I couldn’t understand why they were so against what I was so in to. What I thought was so positive, they saw as embarrassing. They couldn’t believe their son wanted to piss away his talents chugging out power chords on a $300 Fender Squire. Even my good friend Kim got in the mix, as she let me know that my planned hairstyle of white hair with red, spiky bangs would “make me look like a freak.”

“What do they know?” I wondered out loud on a number of occasions for about fifteen more minutes. Until I realized that they were probably right; I was being ridiculous. This wasn’t about my deeper beliefs; it was about learning to be myself. And deep down, I wasn’t a punk, not really.

Under my own volition, I eventually hung up my teenage angst in favor of a somewhat more mainstream adolescence. I won awards for my writing and became a sports writer for the Beloit Daily News. I earned three varsity letters in football and three in track, eventually qualifying for the WIAA State Track Meet in the 100m dash, which isn’t bad for a kid who listened to a band called Anti-Jock in a subconscious effort to piss off his dad.

Looking back on those days, I’ve got a mixed taste in my mouth.
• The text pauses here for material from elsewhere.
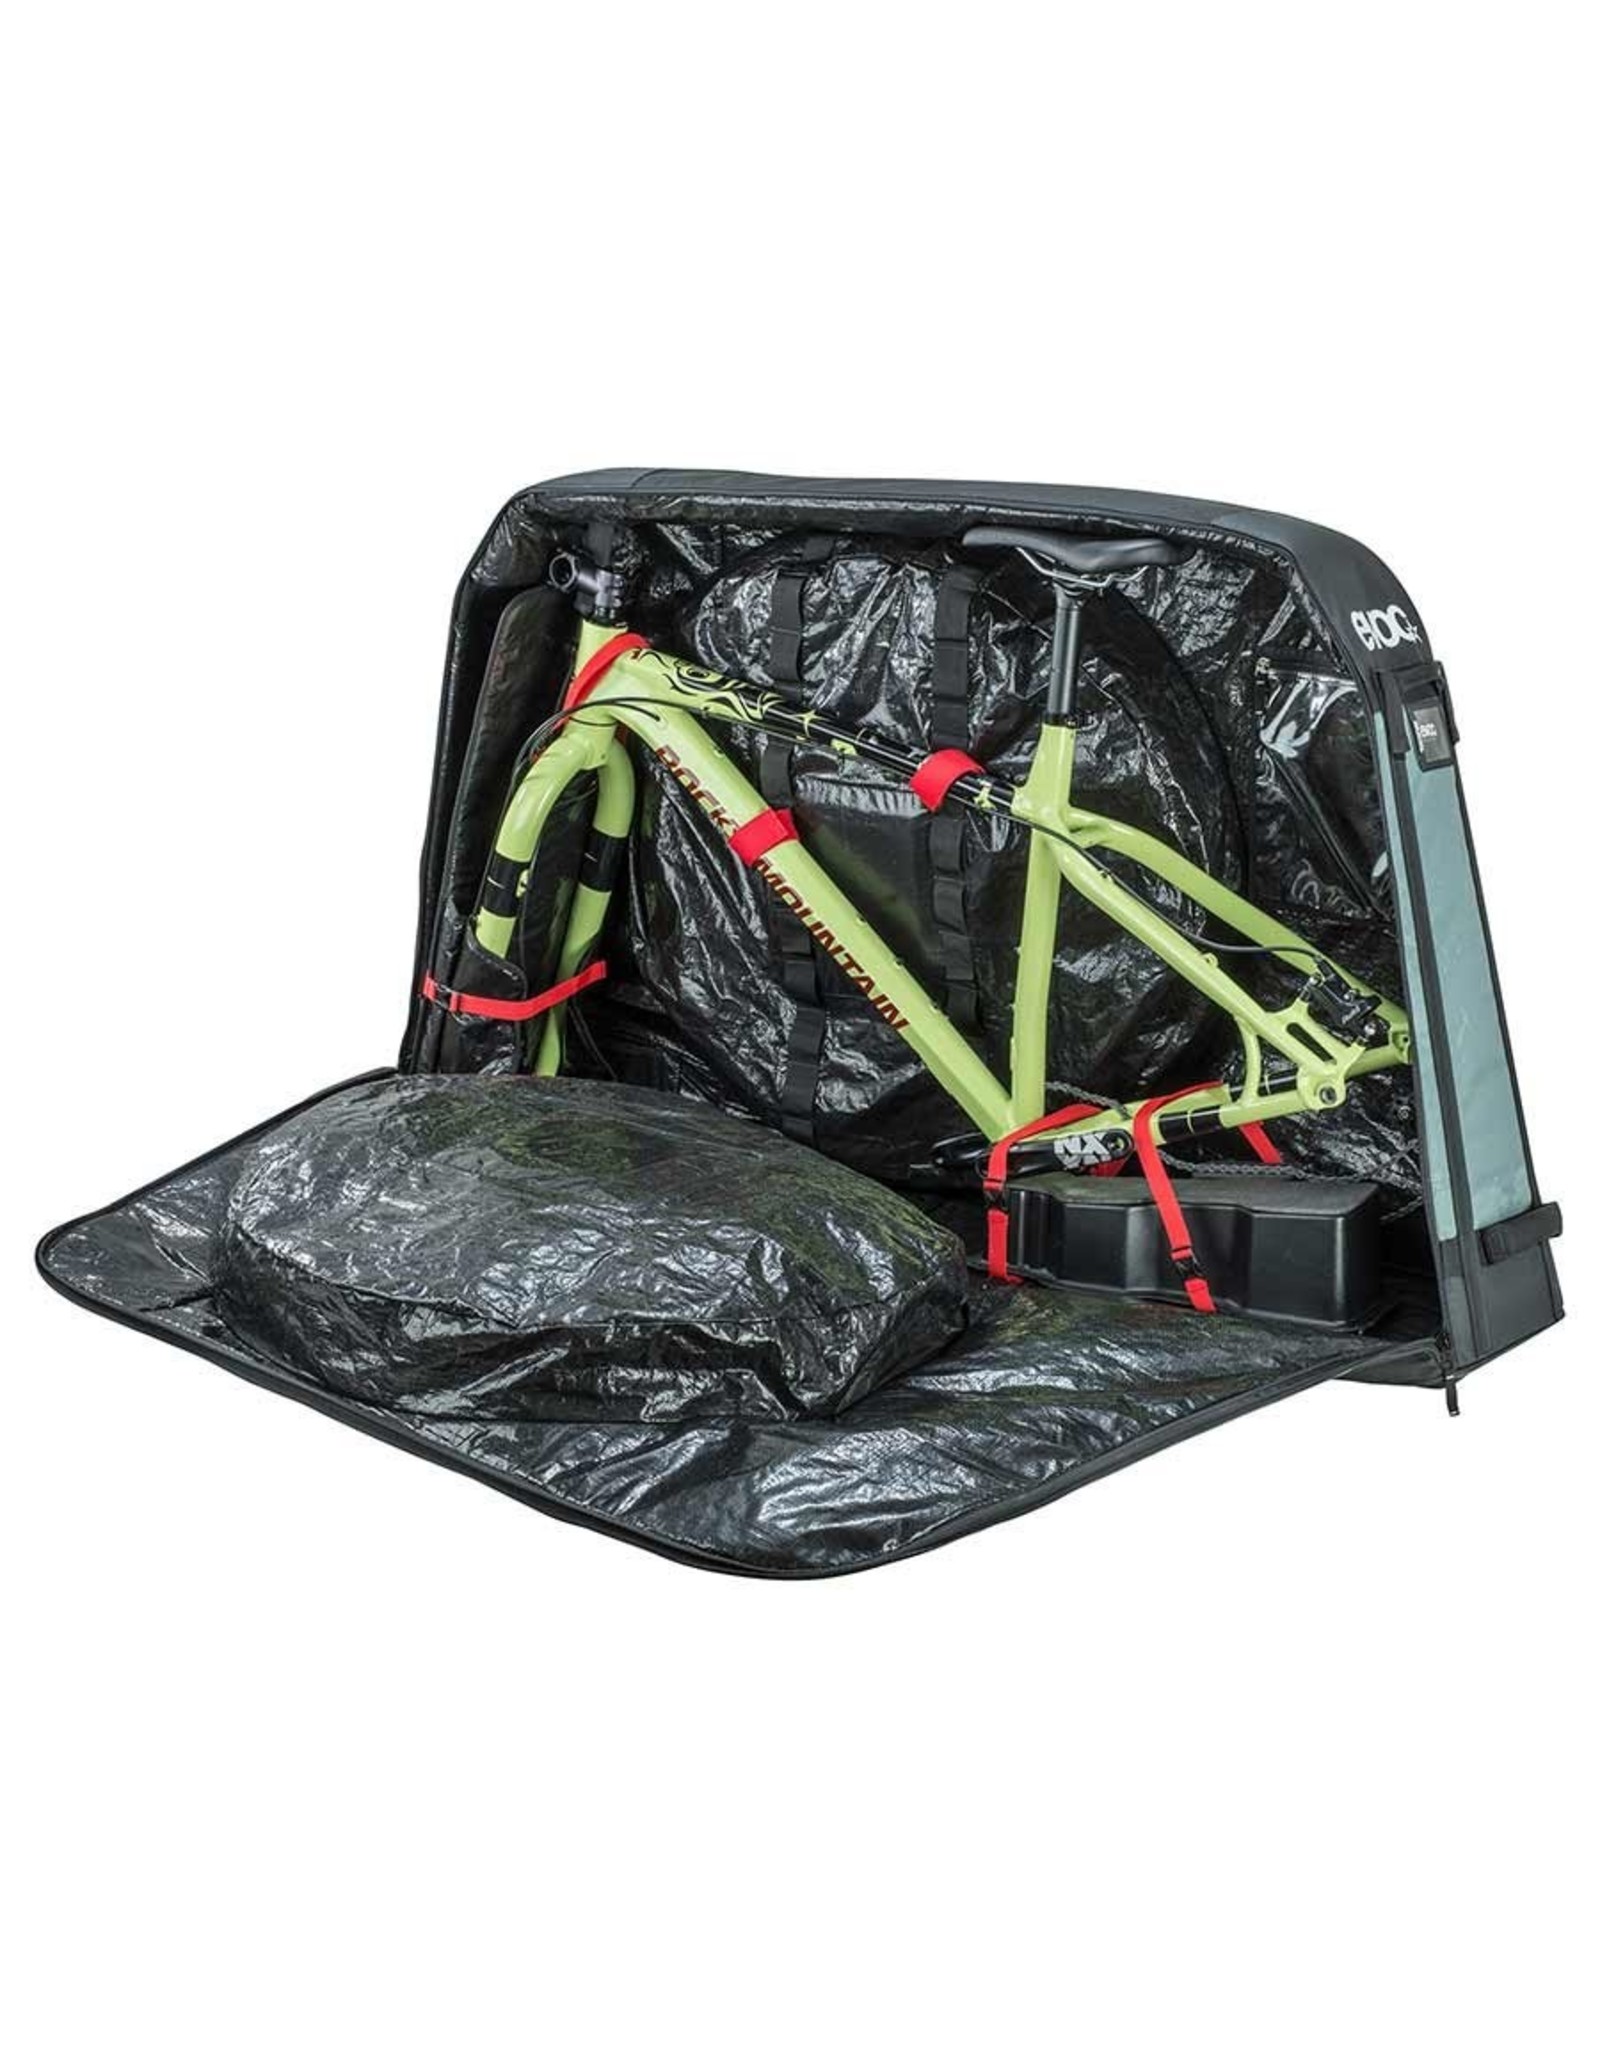 EVOC EVOC Bike Travel Bag - Olive -  XL
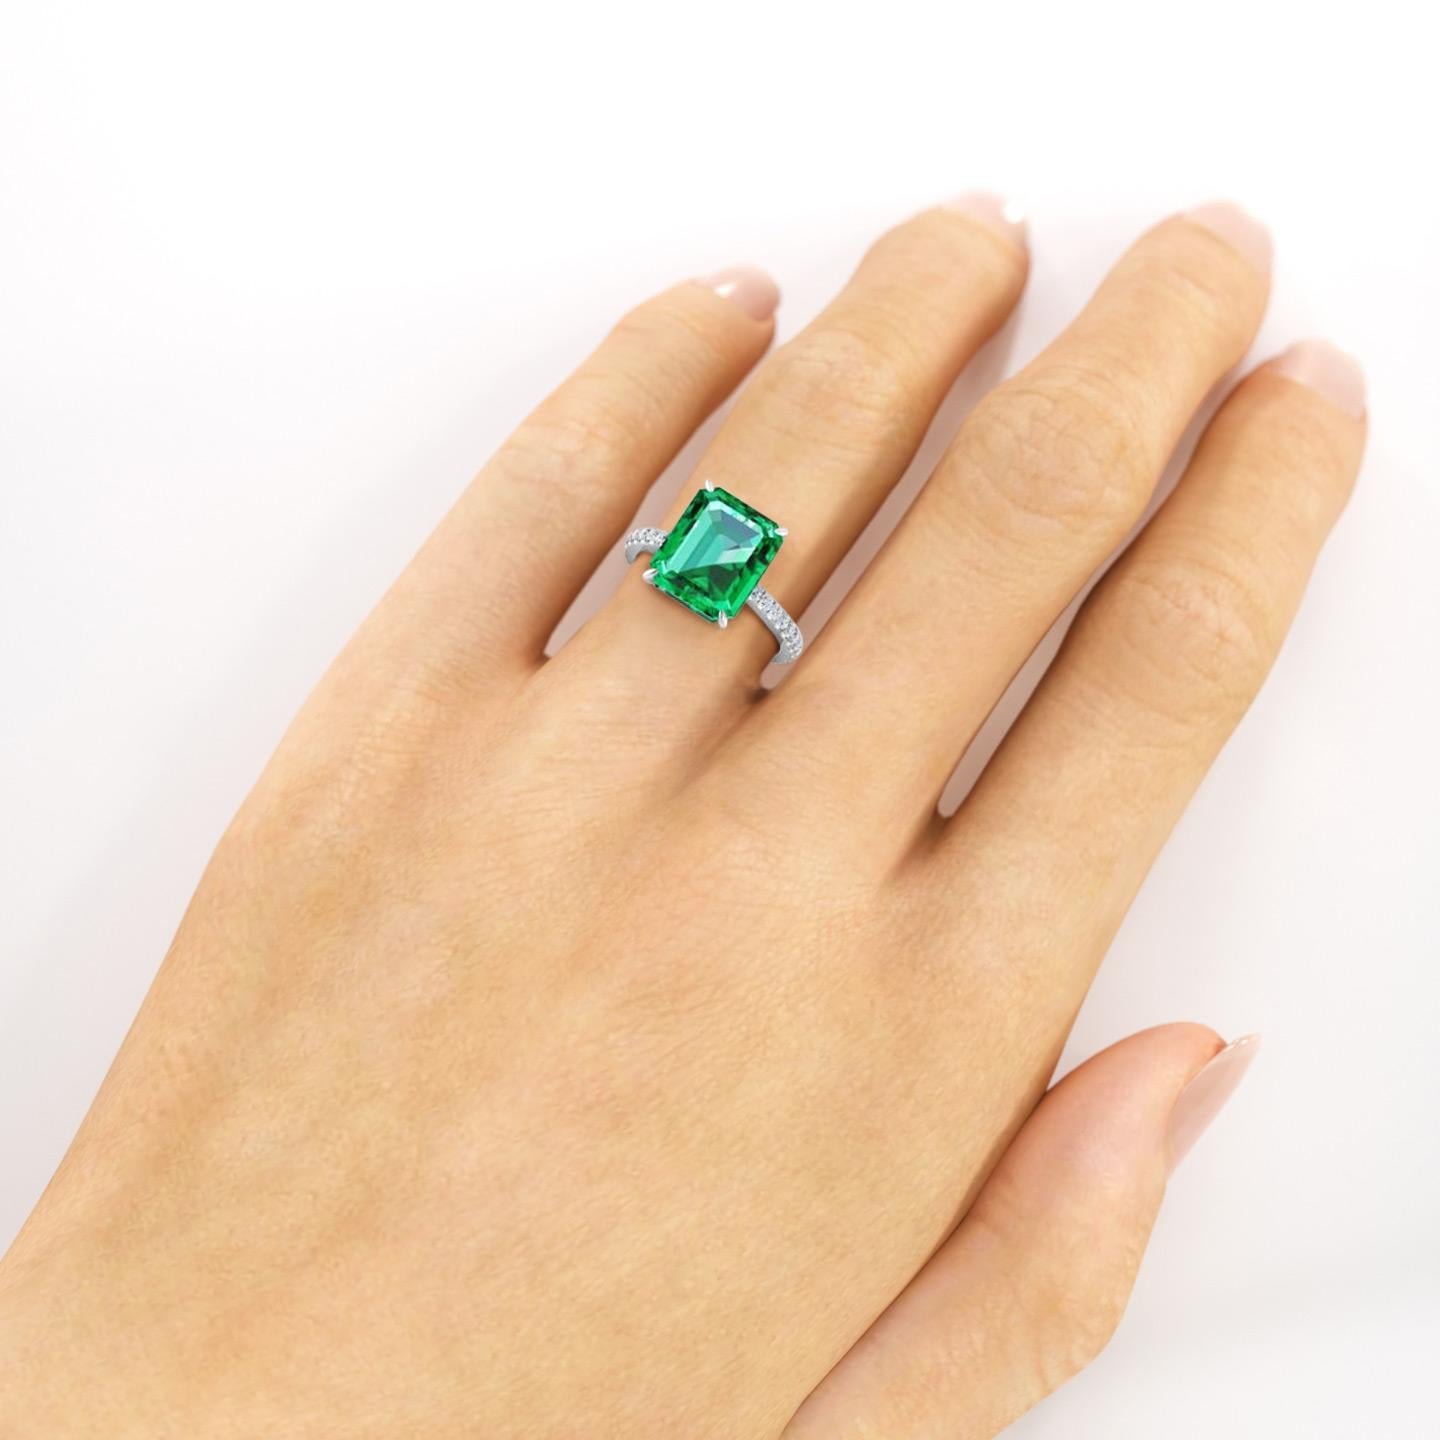 Women's FERRUCCI GIA Certified 4.53 Carat Emerald Cut Emerald Diamond Platinum Ring

Some of those records I bought still rip hard (Dillinger Four’s Midwestern Songs of the Americas and the Dead Kennedy’s Plastic Surgery Disasters/In God We Trust, Inc. to name two), but some I can’t justify at all (Spazz was never a good band, okay?). What I did learn from my rebellious phase is that rebellion isn’t a bad thing for kids to go through. There has to be a phase in your life where you think that everything you’ve ever been told has been crap. But then you have to find your way back. You’ve got to find that mix of cynicism and trust that allows you to think critically about things, but not completely throw what’s been tried and true for you all along. And while you’re working on that, lose those stupid wallet chains.